■ Data block
━━━━━━━━━━━━━━━━━━━━
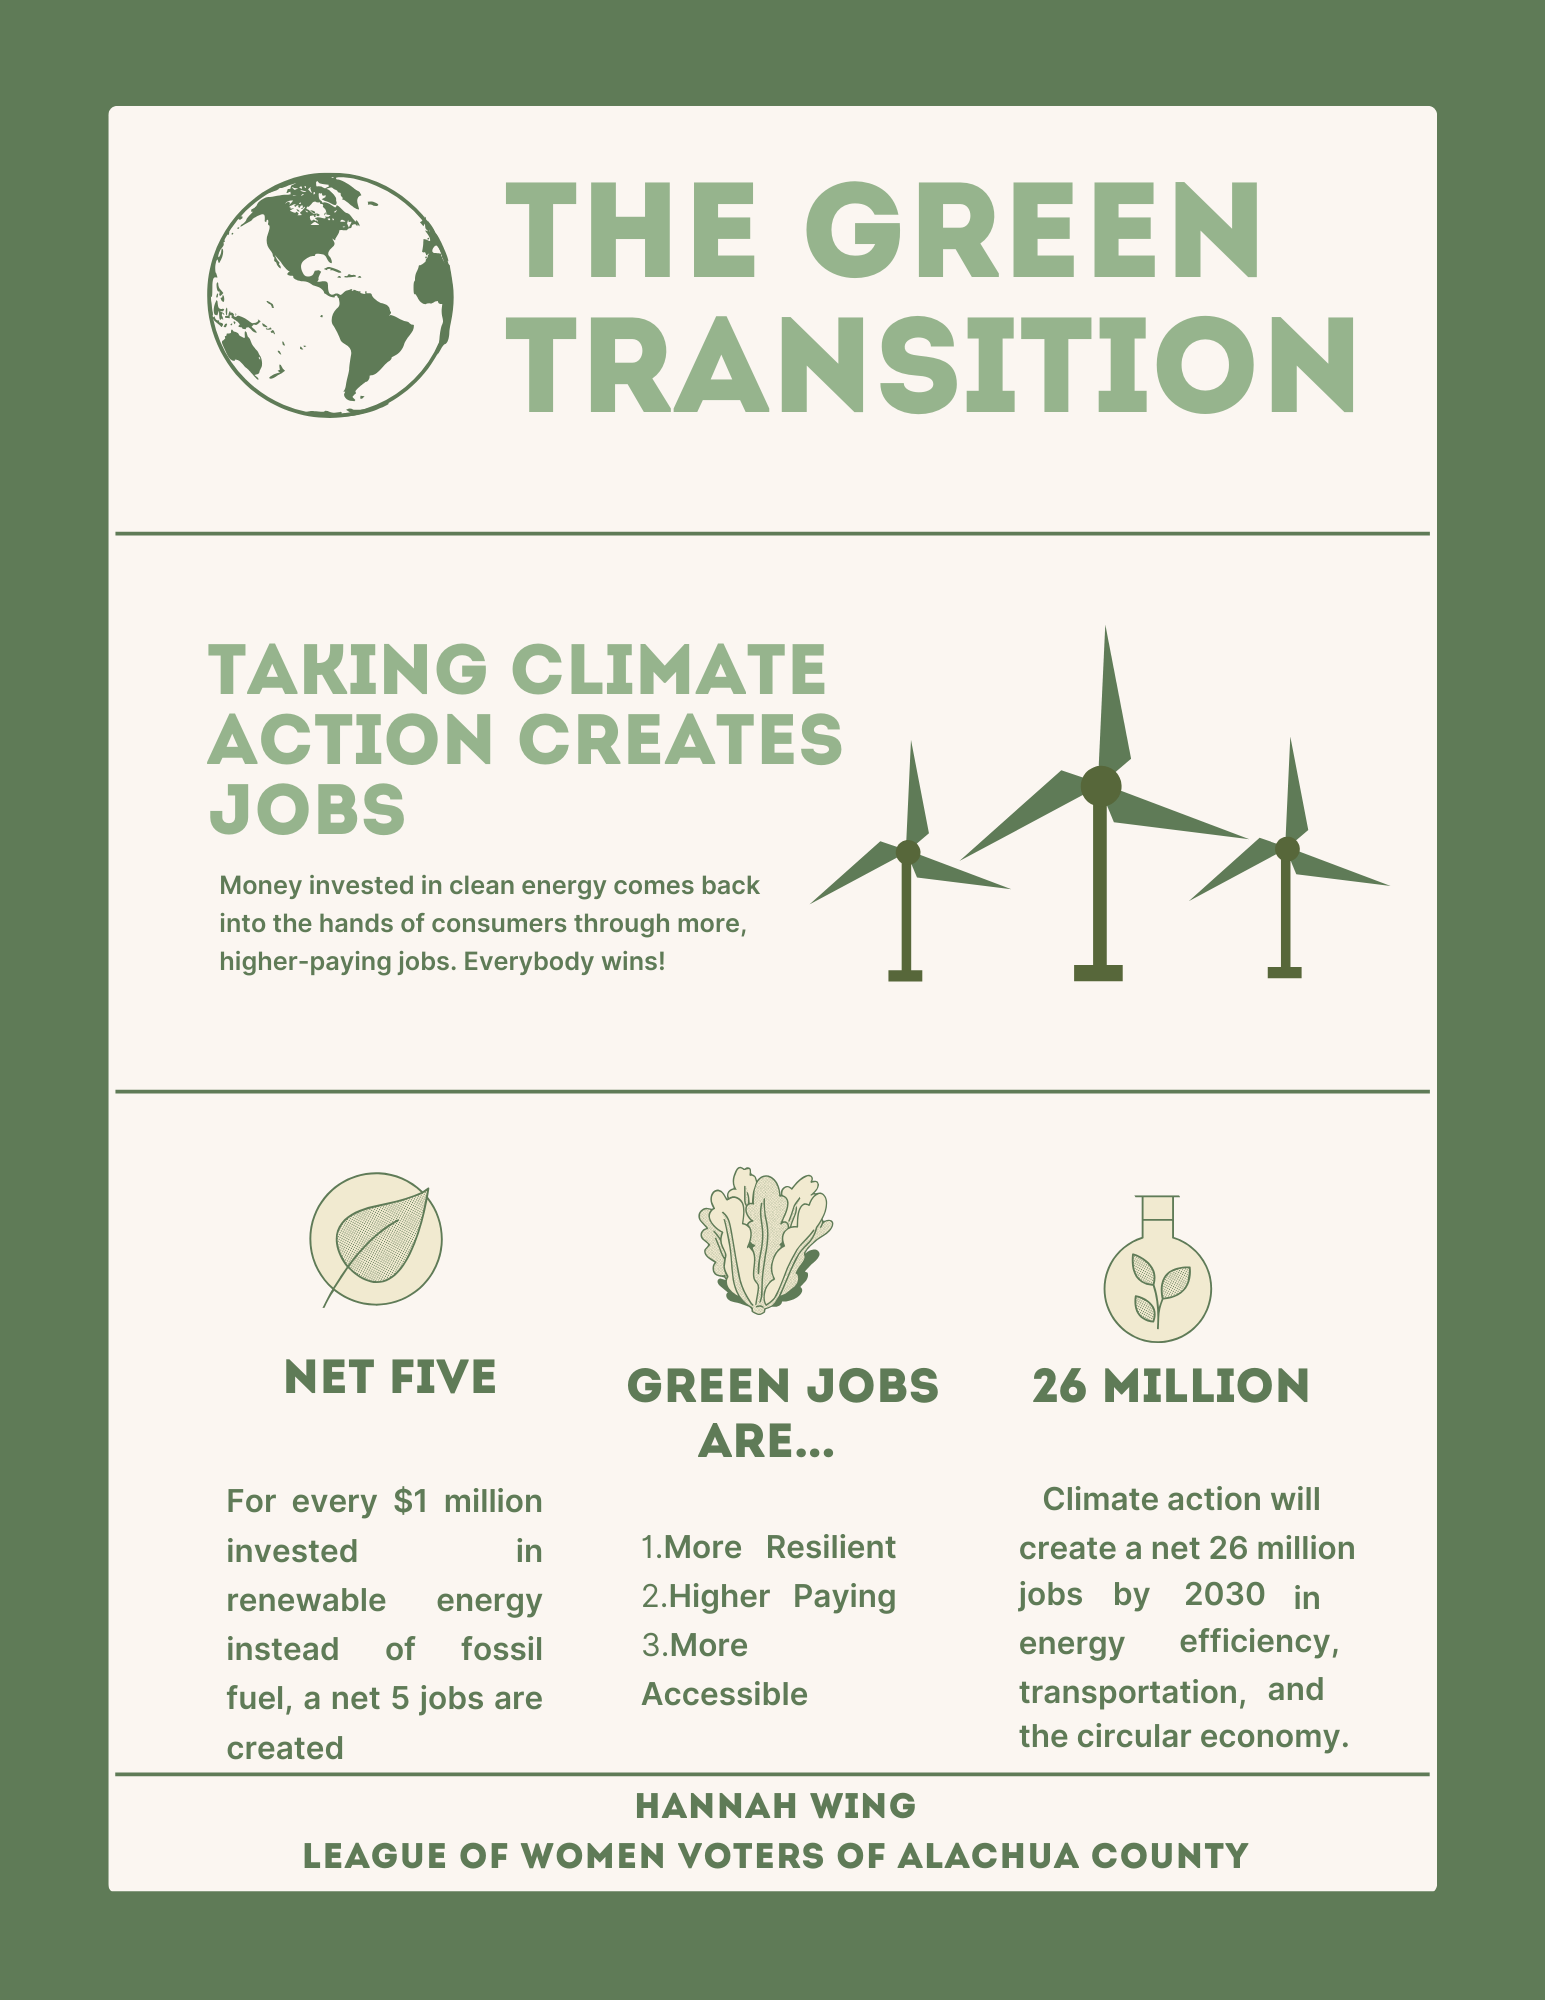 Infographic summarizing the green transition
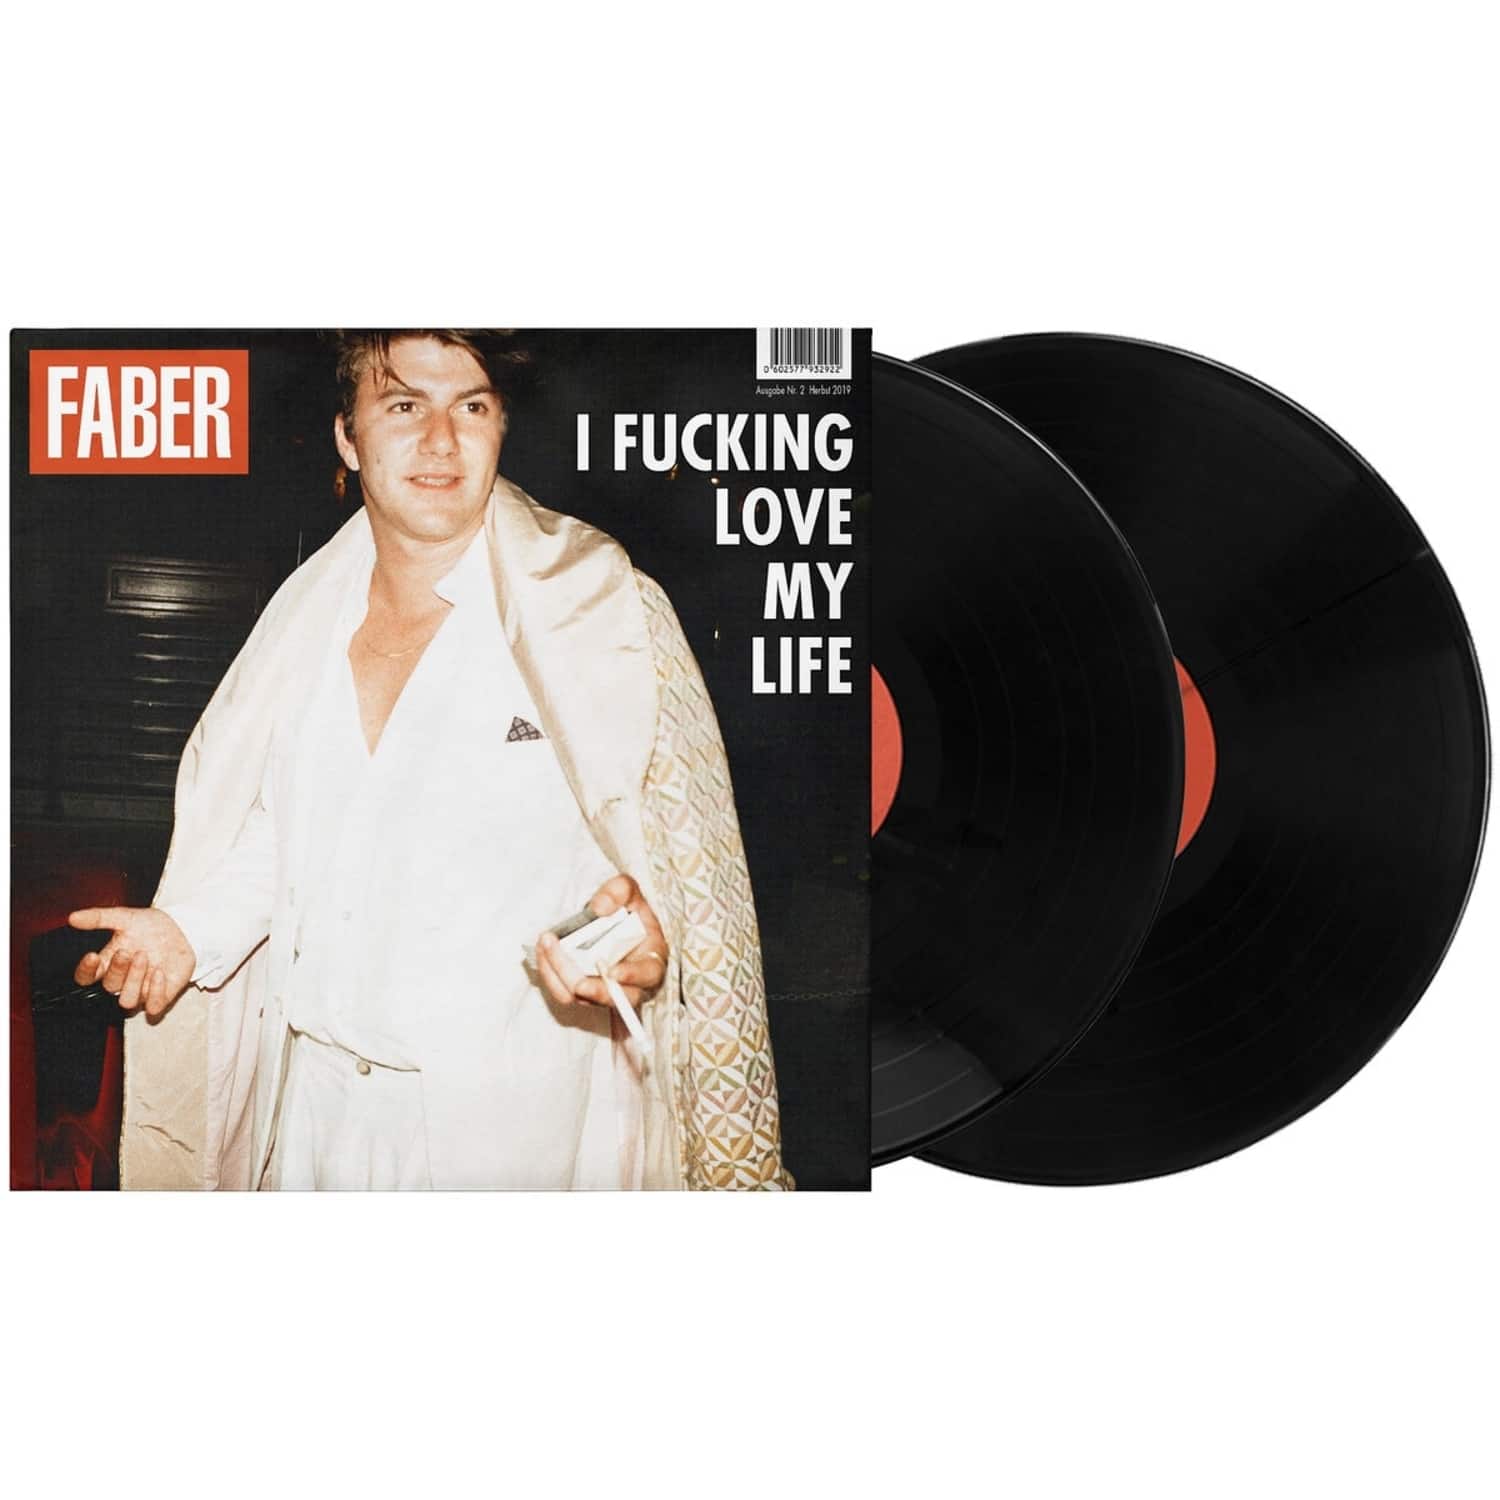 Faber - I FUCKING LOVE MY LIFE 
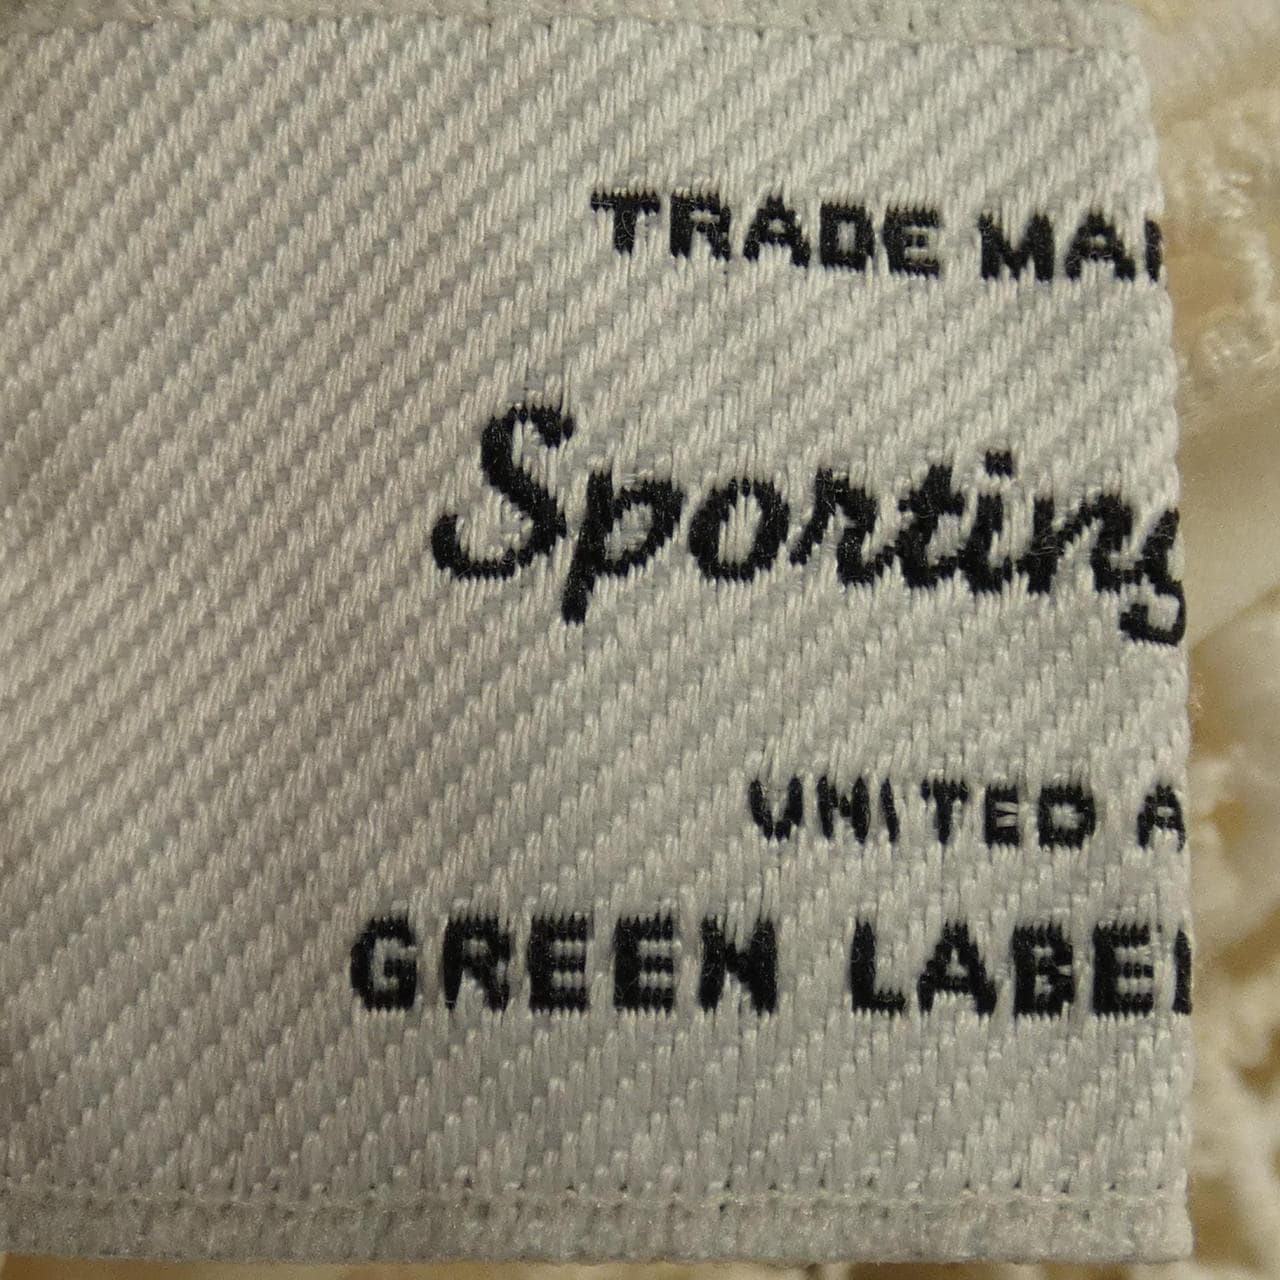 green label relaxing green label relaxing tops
━━━━━━━━━━━━━━━━━━━━
■ About this task
If the listing above includes images, copy every line of it exactly except those images.

■ Solution to this exercise
 Infographic summarizing the green transition
 Faber - I FUCKING LOVE MY LIFE 
 green label relaxing green label relaxing tops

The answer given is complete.